Muliaman menargetkan, keempat bank yang sudah meluncurkan layanan Laku Pandai bisa merekrut 128.093 agen pada tahun ini. Jika 13 bank lain ikut menjalankan Laku Pandai, jumlah agen tahun ini diperkirakan mencapai 350.000 orang dengan cakupan 75% wilayah Indonesia. Dalam dua tahun hingga tiga tahun ke depan, Muliaman menargetkan, layanan Laku Pandai bisa menjaring 20 juta–30 juta nasabah baru.
Target Laku Pandai bukan cuma penambahan nasabah baru. Yang juga penting, dana masyarakat yang selama ini ditaruh di bawah bantal bisa masuk ke sistem perbankan. Nelson Tambupolon, Kepala Eksekutir Pengawas Perbankan OJK, mengatakan, potensi dana nganggur yang belum diserap perbankan mencapai Rp 200 triliun. Jika separuh potensi dana ini bisa diserap, likuiditas bank akan meningkat.
Yang tak kalah penting, layanan bank tanpa kantor juga menargetkan peningkatan literasi keuangan masyarakat.
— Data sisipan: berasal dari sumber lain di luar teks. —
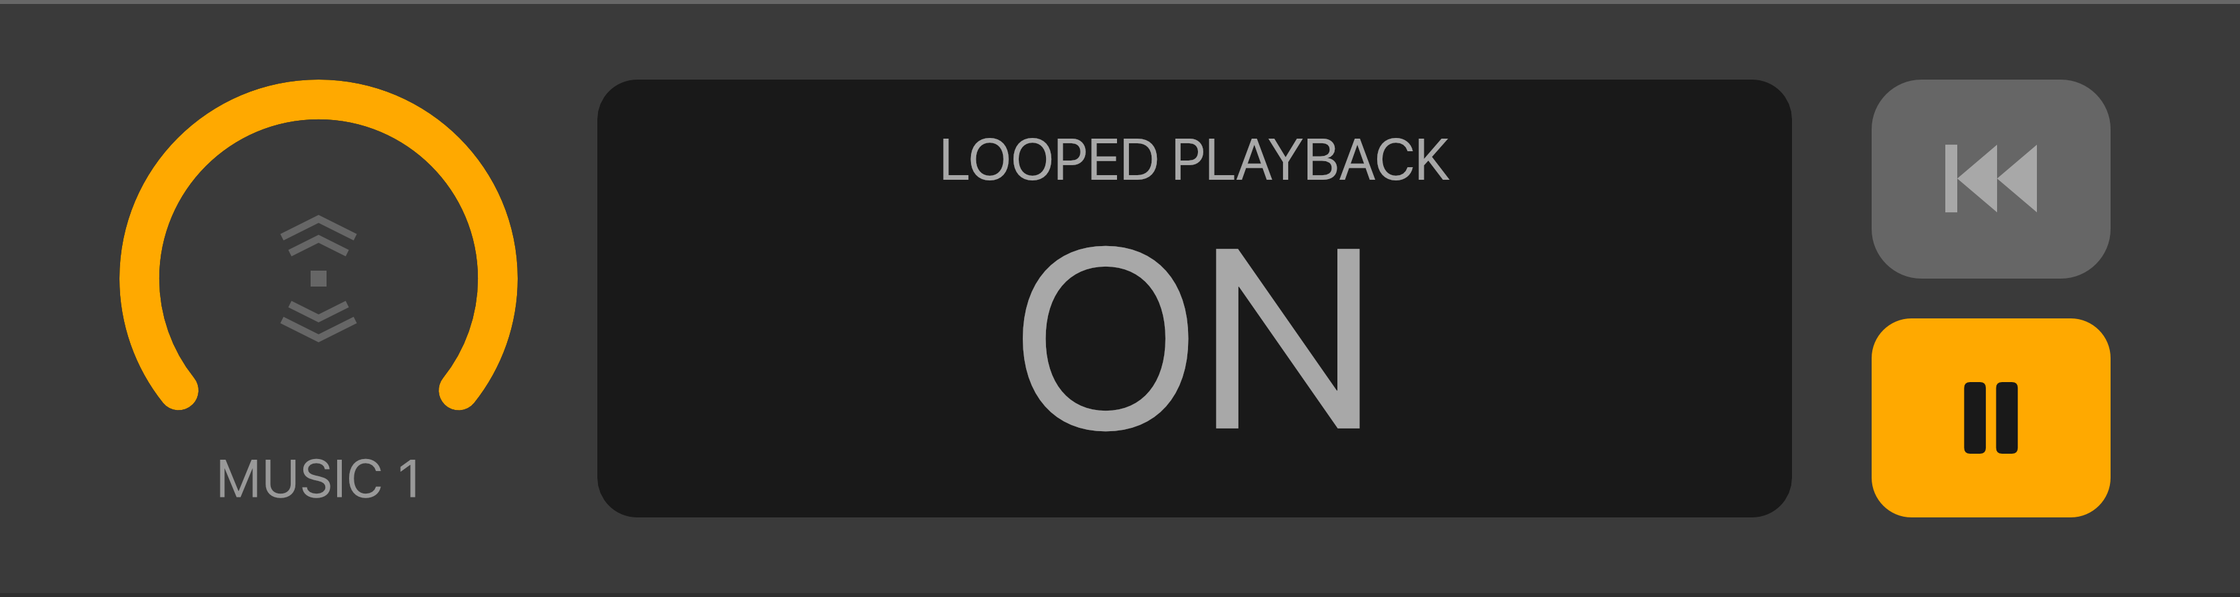 Loop_on.png

Maklum, meski tingkat utilitas cukup tinggi, pemahaman masyarakat terhadap produk dan jasa perbankan masih rendah. Itu artinya, kata Agus, banyak orang menjadi nasabah tanpa memahami produk dan jasa perbankan. Alhasil, nasabah tidak bisa mengoptimalkan produk dan jasa keuangan yang diberikan bank ataupun lembaga keuangan lainnya.
Agus mengatakan, dampak ini tergambar dari indikator peningkatan tabungan yang berasal dari peningkatan pendapatan per kapita alias marginal propensity to save (MPS). Dalam empat tahun terakhir, indikator MPS terus menurun. Padahal, pendapatan per kapita masyarakat terus meningkat. Sebaliknya, marginal propensity to consume (MPC) justru meningkat. Artinya, kenaikan pendapatan masyarakat lebih banyak digunakan untuk konsumsi yang lebih besar.
Nah, dengan layanan Laku Pandai, Agus berharap, masyarakat semakin memahami dan terampil dalam menggunakan produk dan jasa perbankan. Dengan begitu, “Kapasitas finansial mereka akan meningkat dan bisa semakin sejahtera,” imbuhnya.
Doddy Ariefianto, Kepala Subdivisi Risiko Perekonomian dan Sistem Perbankan Lembaga Penjamin Simpanan (LPS), menilai, layanan Laku Pandai akan membuat duit nganggur berputar di sistem perbankan. Itu artinya, dana nasabah akan mengalir juga ke nasabah di daerah tersebut. Ujung-ujungnya, perekonomian di daerah itu bergerak lebih cepat.
Meski begitu, Doddy mengingatkan, OJK dan bank pelaksana harus memperkuat manajemen risiko layanan Laku Pandai. Pasalnya, kepercayaan masyarakat terhadap bank berada di tangan agen. Jika ada moral hazard, layanan Laku Pandai bisa kontraproduktif. Karena itu, pengawasan dan mitigasi risiko harus diperkuat. “Mengawasi praktik penawaran investasi bodong saja (OJK) susah,” celetuk Doddy.
Jadi, regulator dan perbankan semestinya tetap harus hati-hati. Jangan sampai asal mengejar target saja!